%%
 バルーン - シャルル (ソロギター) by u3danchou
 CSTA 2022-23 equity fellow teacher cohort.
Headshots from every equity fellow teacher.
%%
%%
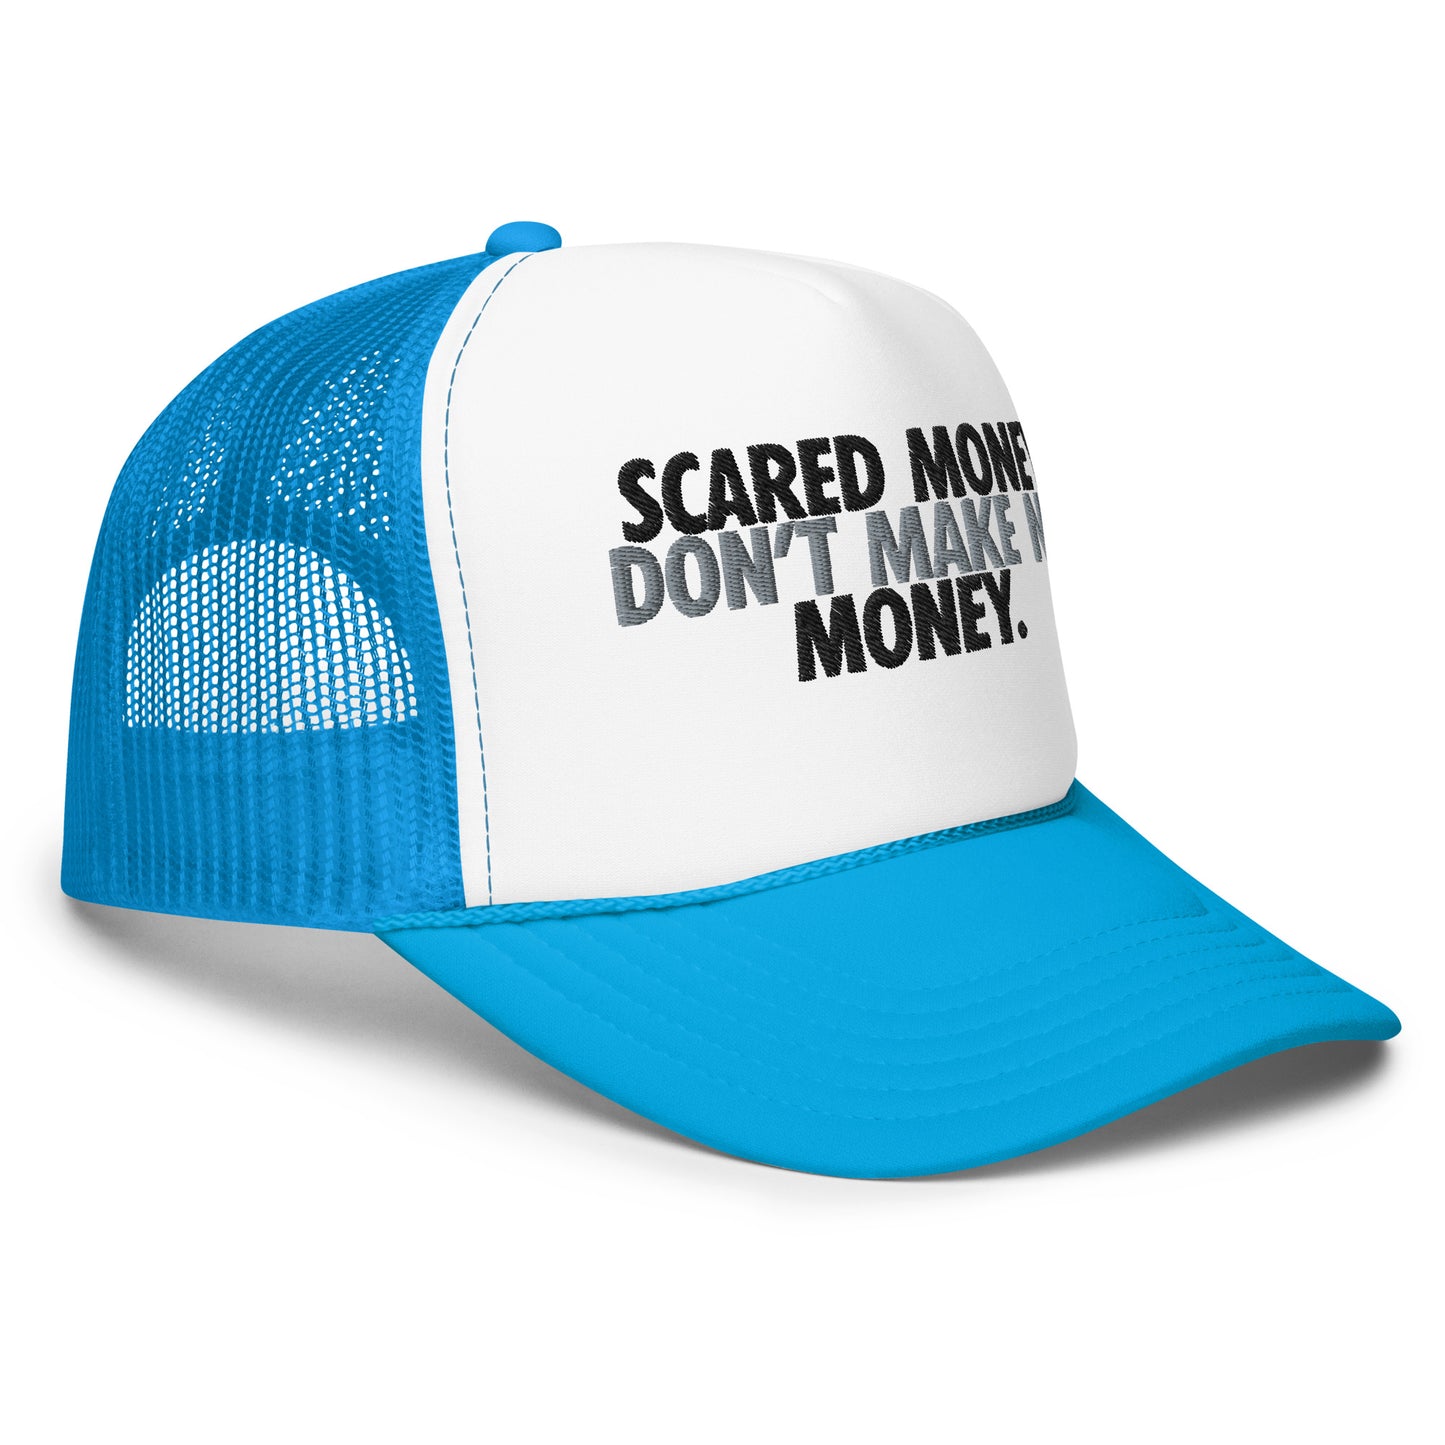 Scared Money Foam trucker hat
%%
%%
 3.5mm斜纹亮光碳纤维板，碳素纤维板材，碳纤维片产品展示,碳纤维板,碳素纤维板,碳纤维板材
%%
# EXERCISE BRIEF:
Could you say how many lines in the data above contain "equity"? Reply with the number alone.

# RESPONSE AREA:
2